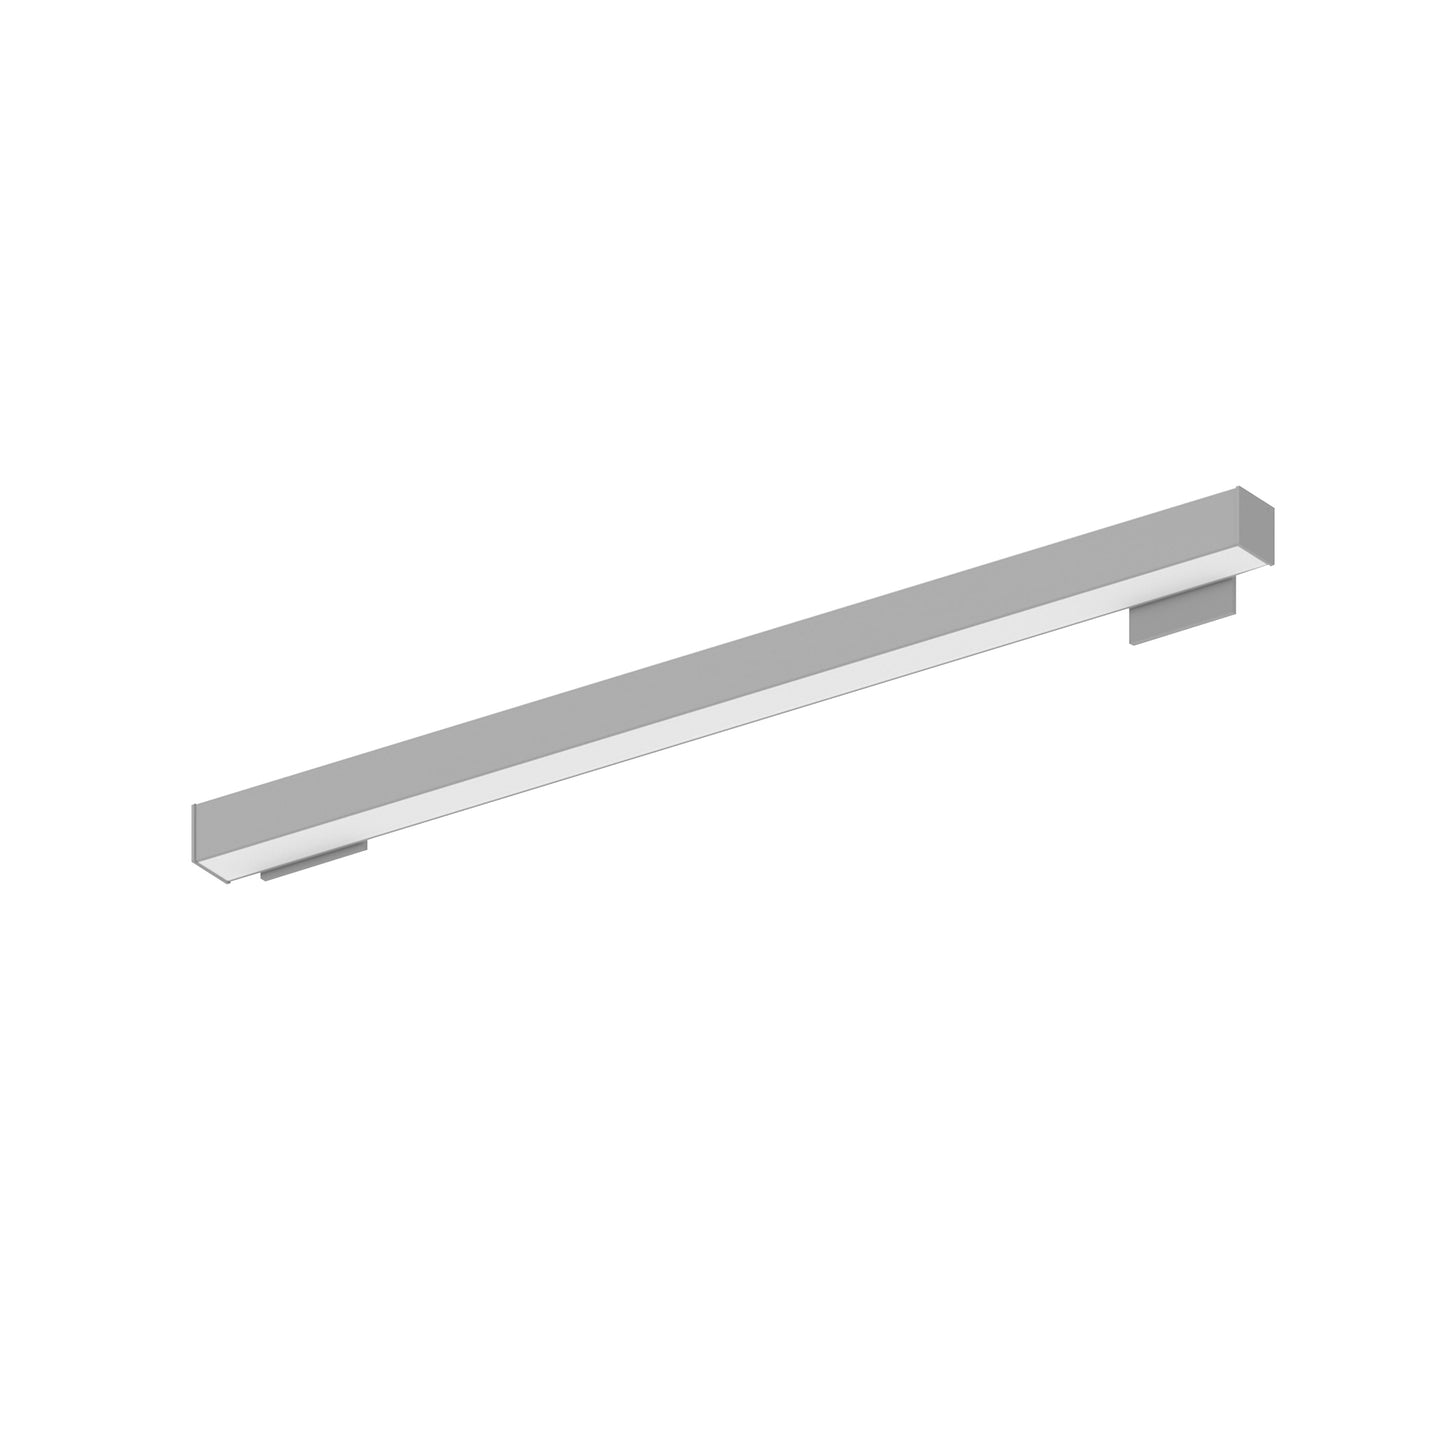 Nora Lighting 2' L-Line LED Wall Mount Linear, 2100lm / 4000K, 2"x4" Left Plate & 4"x4" Right Plate, Right Power Feed, Aluminum Finish   NWLIN-21040A/L2-R4P
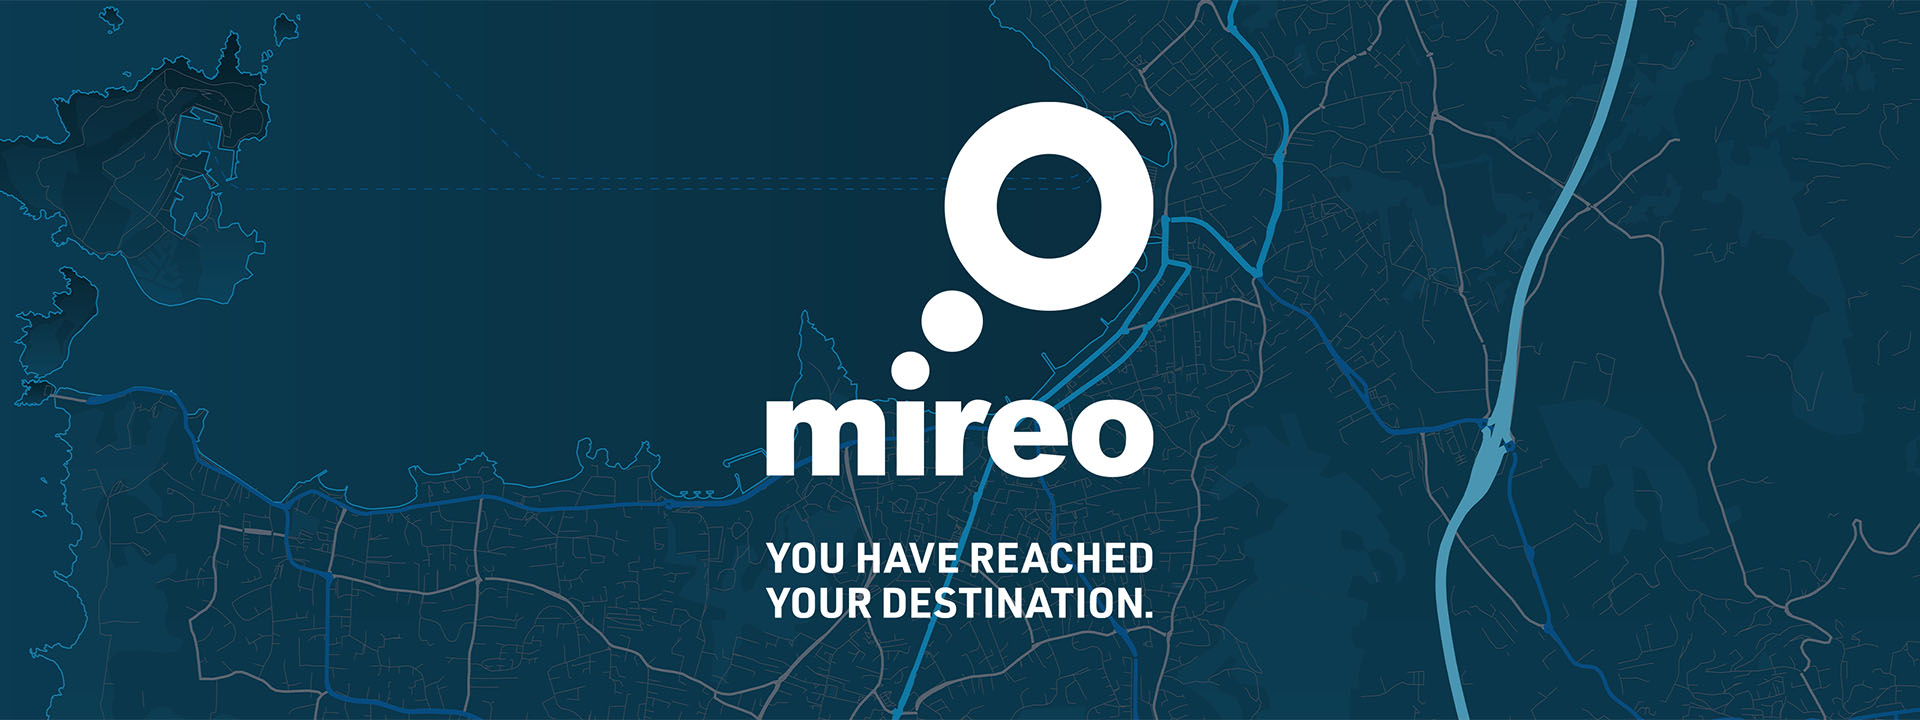 Mireo - you have reached your destination
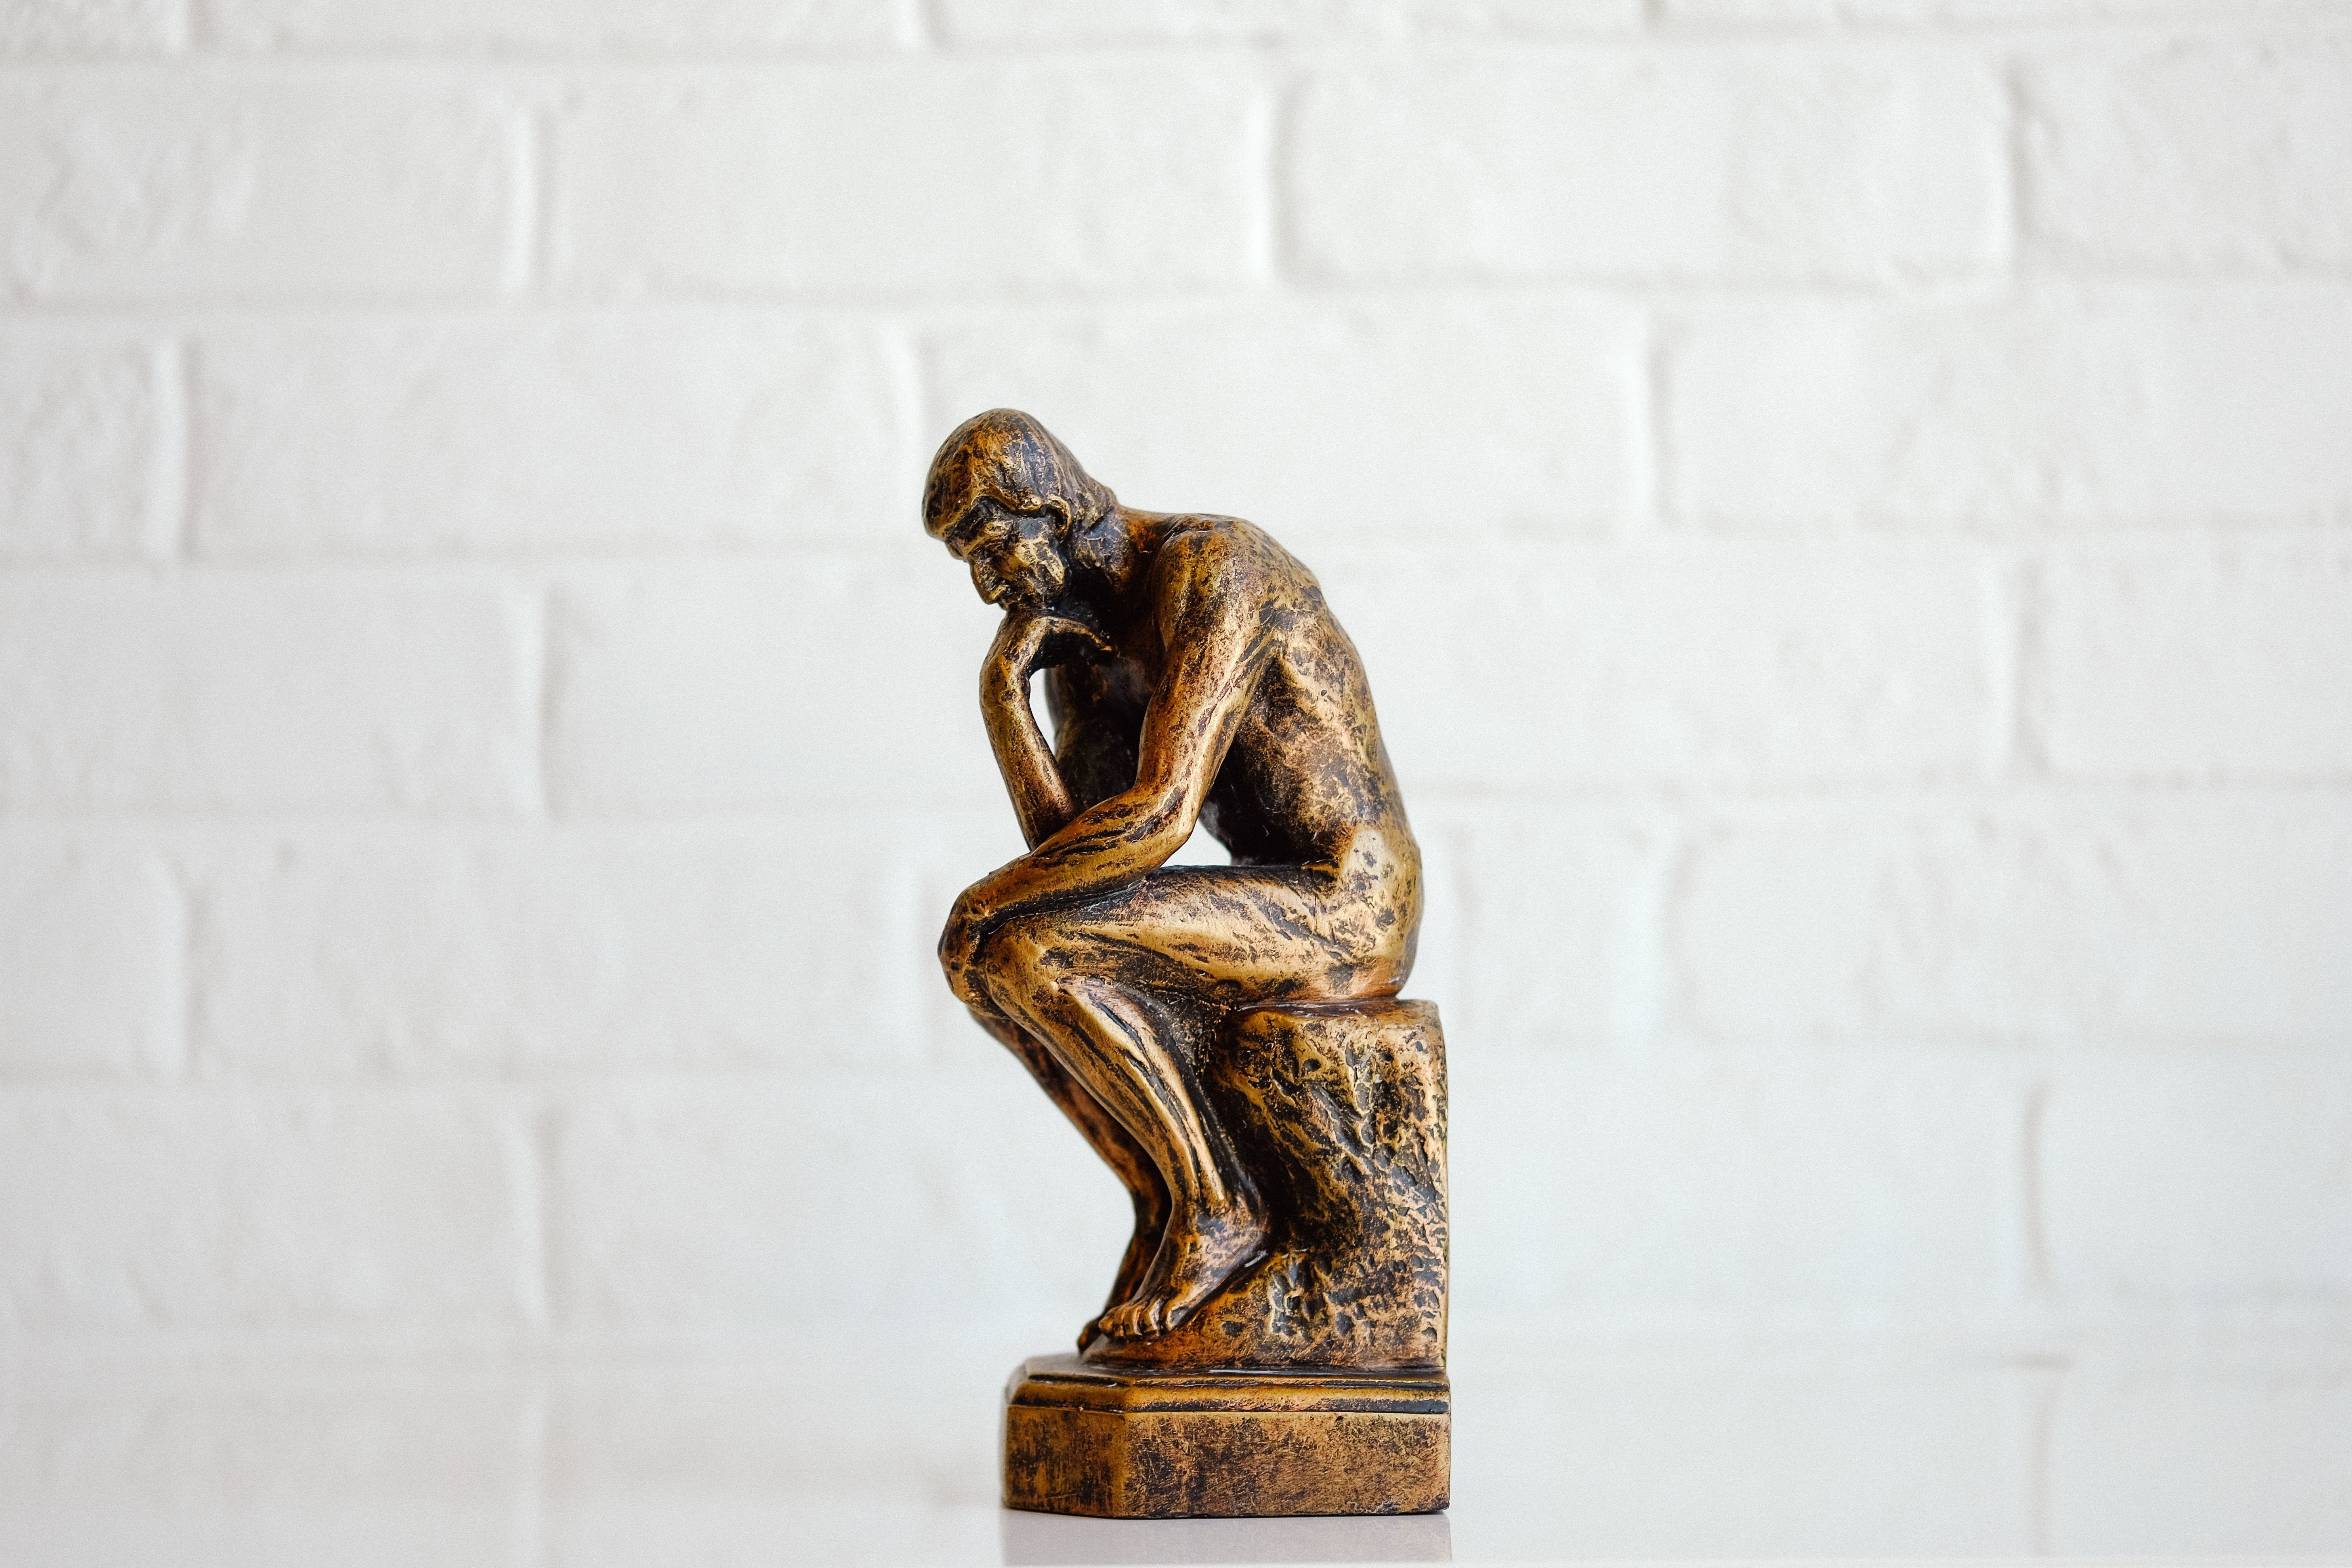 Responsible AI: The Thinker  

++++++++++++++++++++

[Exercise instructions]
In this exercise, set down all of the data exactly, without the pictures.

[Exercise solution]
 Nora Lighting 2' L-Line LED Wall Mount Linear, 2100lm / 4000K, 2"x4" Left Plate & 4"x4" Right Plate, Right Power Feed, Aluminum Finish   NWLIN-21040A/L2-R4P
 Mireo - you have reached your destination
 Responsible AI: The Thinker  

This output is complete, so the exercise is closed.